= Alison Rehfisch =

Australian artist (1900–1975)

Alison Baily Rehfisch (23 January 1900 – 12 March 1975) was an Australian painter born in Sydney.

== Early life ==
Alison Rehfisch was born as Alison Baily Green on 23 January 1900 in Woollahra, Sydney, and grew up in Mosman. Her mother, who was a proficient sculptor, painter and musician, encouraged her interest in painting and drawing. As a student at Redlands School, Cremorne from 1913–15, she was influenced by the painter Albert Collins.

Upon leaving school, she studied at the Julian Ashton Art School before marrying in 1919 and as Alison Rehfisch studied around 1925 under Antonio Dattilo Rubbo at the Royal Art Society. It was here she met George Duncan and they began sharing studio space.

== Career ==
She began exhibiting at the Blaxland Gallery in 1929 and it was around this time that she and her husband split up and she moved into a studio apartment with Dorrit Black, Rah Fizelle, Thea Proctor and Adelaide Perry. She left for London in 1933, where she studied, worked and travelled, including a 3-month stay in Spain. After hearing of her husband's death in 1938, she returned to Sydney and in 1942 married George Duncan.

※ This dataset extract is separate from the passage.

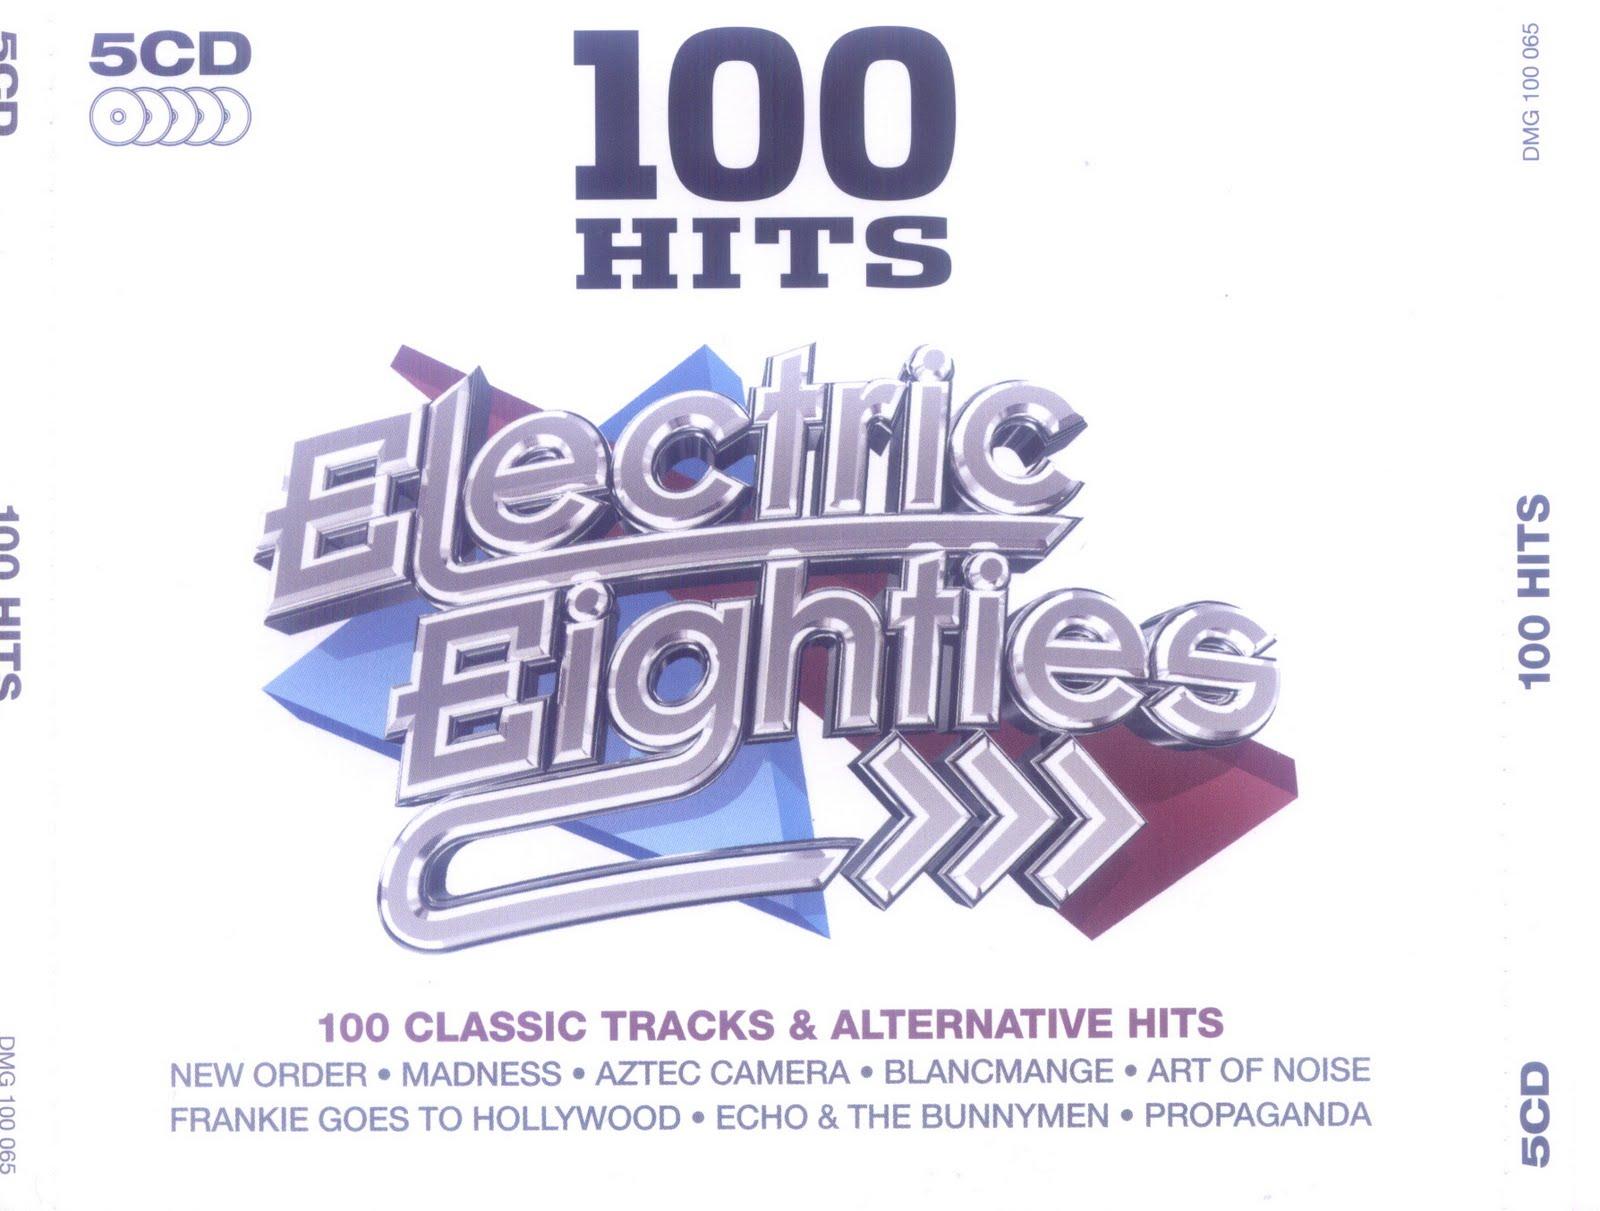 Música Para Pen Drive: 100 Hits Electric 80s (2011) 5 Cd's

In 1947, their home burnt down and Alison lost several hundred paintings. Friends arranged an auction at the home of Desiderius Orban. She and George moved to the country and took to painting landscapes around Berrima, Moss Vale and Goulburn but returned to Sydney in 1953 when George secured a position as director of David Jones Art Gallery. They bought a house "Hillgrove" in Pymble which she decorated extensively, but spent little time on more mundane tasks. She was active with the Contemporary Art Society and the Contemporary Group. She continued to paint her still lifes and landscapes but concentrated more on flower paintings, which lowered her reputation as a serious painter.

== Death ==
After George died of cancer in 1974, she was inconsolable and less than a year later, with deteriorating eyesight and suffering depression, committed suicide by swallowing poison.

== In Collections ==
Her works may be found in the following collections: the National Gallery of Australia (2 prints), the Cruthers Collection of Women's Art at the Lawrence Wilson Art Gallery at the University of Western Australia, in the Art Gallery of New South Wales, and the National Portrait Gallery of Australia.

== Exhibitions ==
She held exhibitions at Blaxland Gallery in 1933 and Macquarie Galleries in 1933, 1939, 1946, 1949 and 1958

A joint retrospective of George's and Alison's work was held at Macquarie Galleries in 1976.